Everyone remembers middle school and high school. It’s a roller coaster of hormones and trying to fit in. But aside from the crazy drama, it’s also a critical period in academic and intellectual development.

Which means you probably have vivid memories of your teachers from that time of your life. And if you’re looking at our lists of Secondary Education degrees, that means you might be interested in being on the other side of those memories—being the teacher who makes such a critical impact on young people year after year.

Most middle and high school teachers can report getting similar responses whenever they tell people what they do. Something along the lines of: “Wow, you’re brave,” or “I could never do that.”

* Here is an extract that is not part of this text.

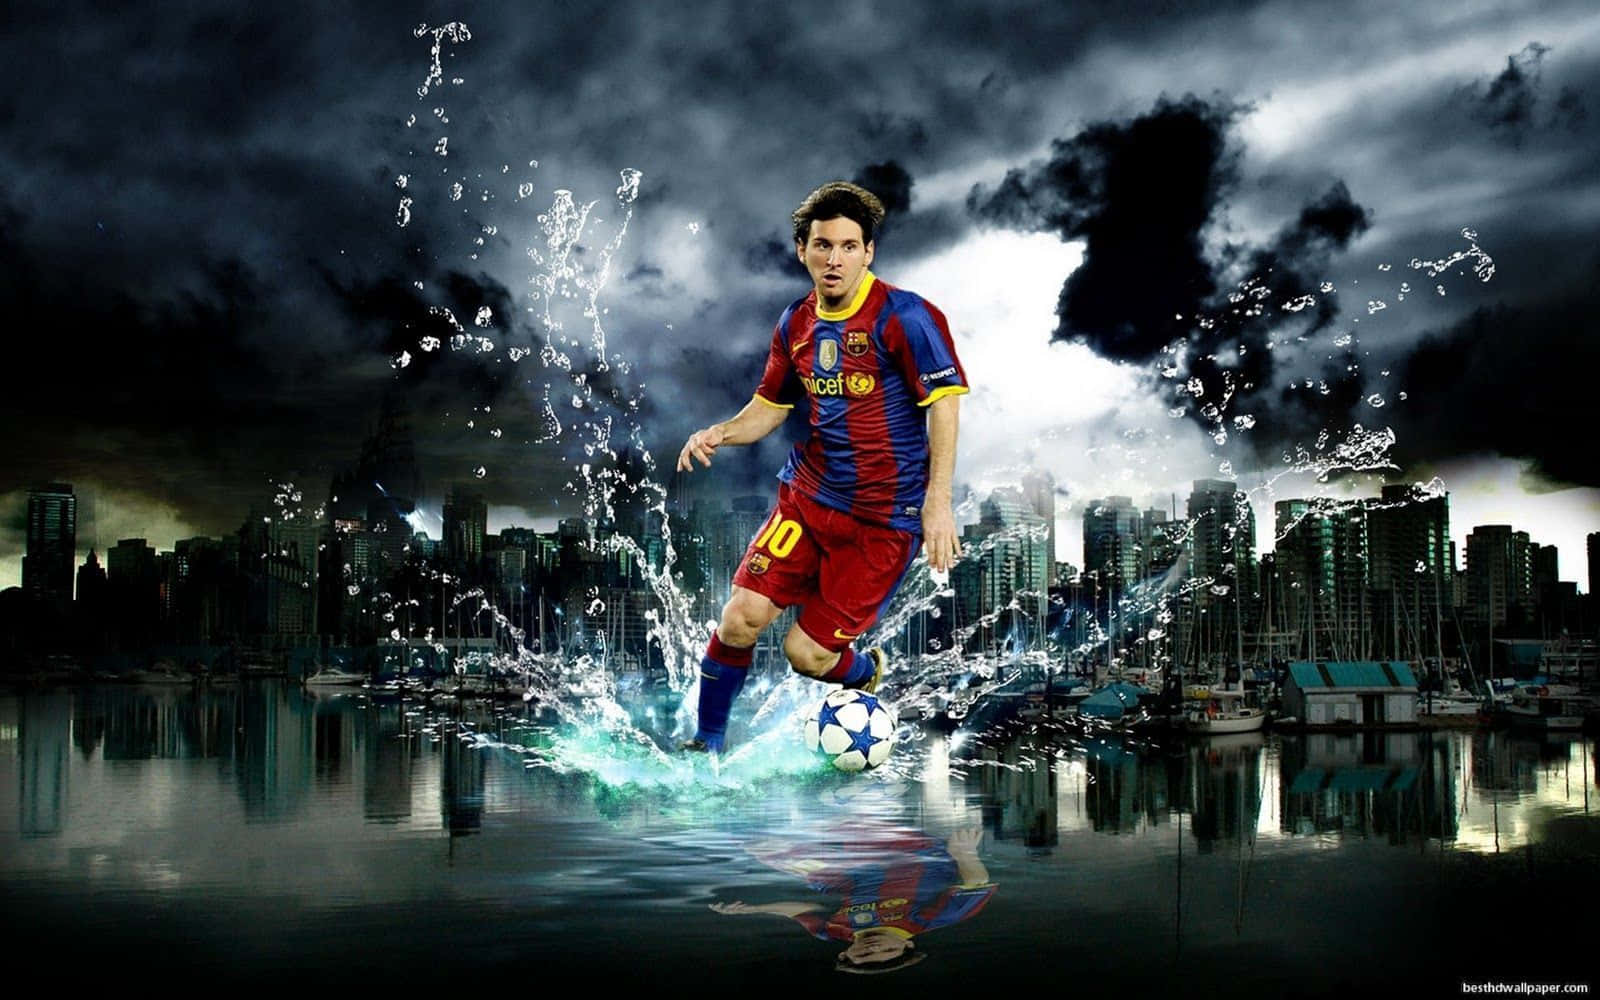 Tauchensie Mit Diesem Coolen Hintergrundbild Tiefer In Die Welt Von Lionel Messi Ein. Wallpaper

Or in the words of a writer over at We Are Teachers:

Go to a party and tell somebody you teach third grade and they smile and coo at you. Tell them you teach seventh grade and they have one of two responses. 1.) “Oh, wow, you must be a saint!” or 2.) take several steps back, shaking their heads, before running away and leaving all the hors d’oeuvres for you. That’s right, Teacher. Have some more spinach dip, you magnificent badass.

So are you up for the challenge? You don’t have to know right now, especially if you’re still just thinking about whether to study Secondary Education. But nevertheless, in order to help you think through it, let’s go through some of what the job takes, and what might be attractive about it for you.

First-off, teenage students care more about relationships than just about anything else. This means that they are constantly gauging their peers’ opinions in order to figure out how they should act.

Jennifer Gonzalez from Cult of Pedagogy discusses this phenomenon:

See if you can make this quality work for you: Find the most confident kids in class, the ones everyone looks up to, and try to get them to take on a new project or help you lead the charge toward some endeavor you want everyone else on board for. If Josie the cool girl says she likes Shakespeare, others are more likely to follow. Also, know that socializing is a huge motivator for middle school kids. If you promise five minutes of talking time at the end of class in exchange for hard work the rest of the hour, you’re likely to get full cooperation.

So if you think you can subtly intervene in teenagers’ lives, to use their interests to help them learn, then Secondary Education might be right for you. And it’s not just relationships with each other that are important for students in middle and high school. Gonzalez also notes that in this stage of their lives, teenagers are pulling away from their parents. And yet, they need adult influence and advice even more than before as they navigate the tricky paths of adolescence. So teachers have the unique opportunity to be mentors and helpers to kids who often feel lost and confused but are unlikely to turn to their parents for help.

Ben Johnson, writing at Edutopia, says something very similar to Gonzalez:

I have found that middle school students thrive on relationships and respond well to praise. Having fun, letting your hair down, sharing personal (relevant) experiences with them builds those relationships.

We’ve really only begun to scratch the surface of teaching middle and high school students. No doubt, it’s more complicated and rewarding and heartbreaking and inspiring than any blog post or webpage could ever convey. Nevertheless, hopefully someday we’ll read your article about how to succeed teaching Secondary Education!